# problem in hp 5189urf dongle (not working at all)



## kozzii (Jun 13, 2010)

im having a lot of trouble with my new hp wireless set
it includes:
wireless mouse 5189urf (M) (lights on but not connecting)
wireless keyboard 5189urf (k) 
usb dongle 5189urf
and the tower that has twin wires connected to the cpu

ive tried connecting another keyboard to the computer and finally came across the dongles light not turning on...
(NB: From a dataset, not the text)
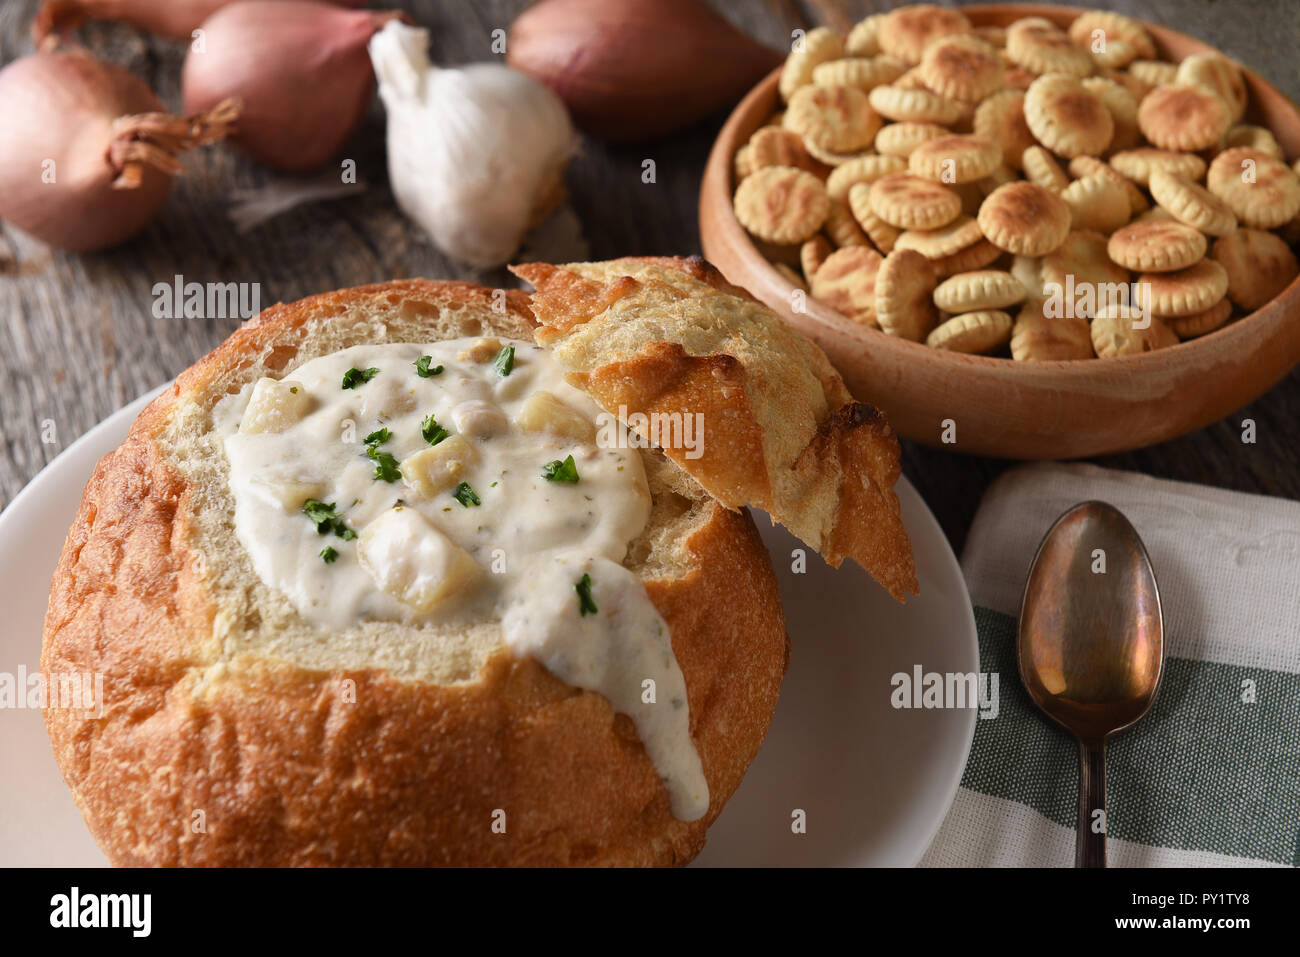 Primo piano della ciotola di pane del New England Clam Chowder. Una ciotola di oyster crackers, aglio e cipolle in background. Foto Stock

if the dongle isnt working then how can the mouse or keyboard. what should i do?
ive contacted hp but they kept me on hold for about an hour then hang up...
i have an online business that is waiting and the desktop keyboard isnt helping much

please get back to me asap...

regards kozzii:sigh:


----------



## rich13348 (Jun 7, 2009)

have you tried the dongle in a different usb port and have you installed the drivers for the dongle and keyoard/mouse?


----------



## kozzii (Jun 13, 2010)

yes...ive tried that several times
i removed all obstacles away from the tower and the cpu (where dongle is connected)...
nothing happens...
it has no driver...nor can it be updated...
when i bought it, all i had to do is connect it...its been working fine till a few weeks ago when it stopped all of a sudden

what could be wrong with the dongle?:sigh:


----------



## rich13348 (Jun 7, 2009)

possibly lost power or just not working does other things work in the usb ports???


----------



## BAA (Sep 24, 2010)

i have the same problem- the only help that HP offered was to purchase new mouse & keyboard or try bestbuy. does anyone sell replacement usb dongles?


----------